Glucocorticoid Signaling and the Aging Heart

Abstract

A decline in normal physiological functions characterizes the aging process. While some of these changes are benign, the decrease in the function of the cardiovascular system that occurs during aging leads to the activation of pathological processes associated with an increased risk for heart disease and its complications. Imbalances in endocrine function are also common occurrences during the aging process. Glucocorticoids are primary stress hormones and are critical regulators of energy metabolism, inflammation, and cardiac function. Glucocorticoids exert their actions by binding the glucocorticoid receptor (GR) and, in some instances, to the mineralocorticoid receptor (MR). GR and MR are members of the nuclear receptor family of ligand-activated transcription factors. There is strong evidence that imbalances in GR and MR signaling in the heart have a causal role in cardiac disease. The extent to which glucocorticoids play a role in the aging heart, however, remains unclear. This review will summarize the positive and negative direct and indirect effects of glucocorticoids on the heart and the latest molecular and physiological evidence on how alterations in glucocorticoid signaling lead to changes in cardiac structure and function. We also briefly discuss the effects of other hormones systems such as estrogens and GH/IGF-1 on different cardiovascular cells during aging. We will also review the link between imbalances in glucocorticoid levels and the molecular processes responsible for promoting cardiomyocyte dysfunction in aging. Finally, we will discuss the potential for selectively manipulating glucocorticoid signaling in cardiomyocytes, which may represent an improved therapeutic approach for preventing and treating age-related heart disease.

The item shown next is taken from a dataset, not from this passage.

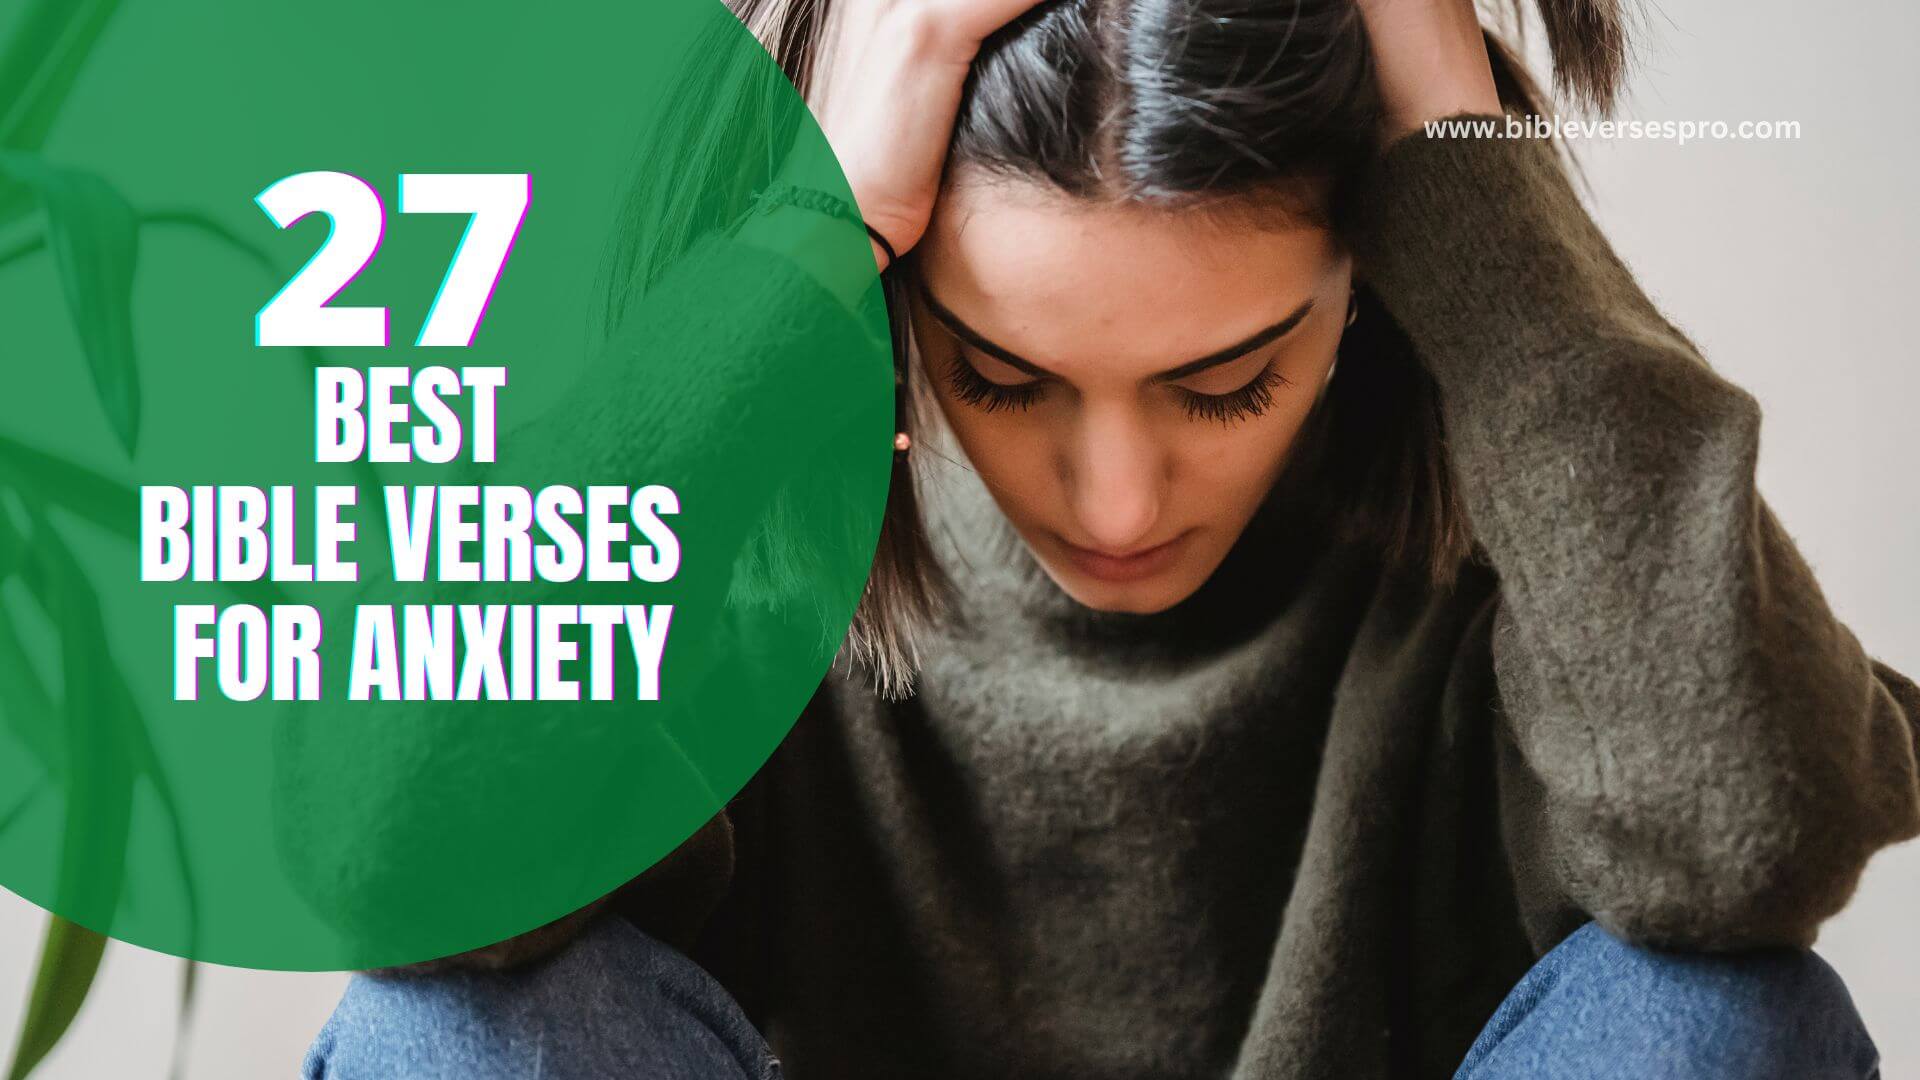 BEST BIBLE VERSES FOR ANXIETY

Keywords: aging; cardiomyocytes; glucocorticoids; heart; myocardium.

Figure 1

Regulation of glucocorticoid synthesis and secretion by the hypothalamic-pituitary-adrenal axis. Exposure to stressors and changes in our daily cycle (circadian rhythms) stimulate the parvocellular neurons within the paraventricular nucleus of the hypothalamus to release corticotropin releasing hormone (CRH). CRH then triggers the secretion of the adrenocorticotropic hormone (ACTH) from the anterior pituitary gland. ACTH then binds to its receptors (melanocortin receptor 2, MC2R) located on the cortex of the adrenal gland. ACTH binding to MC2R leads to the activation of adenylyl cyclase (AC) and the production of intracellular cyclic adenosine monophosphate (cAMP). cAMP then activates protein kinase A (PKA), which then phosphorylates cAMP response element-binding protein (CREB), which then promotes steroidogenic gene expression (Cytochrome P450 Family 11 Subfamily B Member, CYPB2, and the steroidogenic acute regulatory protein, StAR) that leads to the transport of cholesterol (imported from the blood into the cortical cells via the scavenger receptor type B class 1, SARB1) into the mitochondria, where glucocorticoids are synthesized (steroidogenesis) by the action of mitochondrial and smooth endoplasmic reticulum enzymes. The biologically active form of the glucocorticoid is the unbound cortisol that can be converted to the inactive form, cortisone by type 2 11β-hydroxysteroid dehydrogenase. Type 1 11β-hydroxysteroid dehydrogenase converts the cortisone to cortisol. Homeostasis in glucocorticoids synthesis and secretion is maintained by the negative feedback loop suppressing ACTH levels in the anterior pituitary and CRH levels in the hypothalamus.

Figure 2

Physiological glucocorticoid effects. Glucocorticoids exert direct actions in major organ systems of the human body. Their effects range from modulation of the inflammatory and immune response to the regulation of glucose and lipid metabolism in different tissues. Glucocorticoid signaling plays an essential role on the cardiovascular system. In normal physiology, glucocorticoids exert cardioprotective and anti-inflammatory effects, and have an essential role in controlling blood pressure and cardiac function.

Figure 3

Schematic representation of the phenotypes of transgenic mice targeting GR in cardiomyocytes. Shown are the major morphological and functional phenotypes associated with GR overexpression (GR+), GR inactivation (GR–), and GR and MR inactivation (GR/MR–) in the whole heart, vascular smooth muscle cells (VSMC), and cardiomyocytes.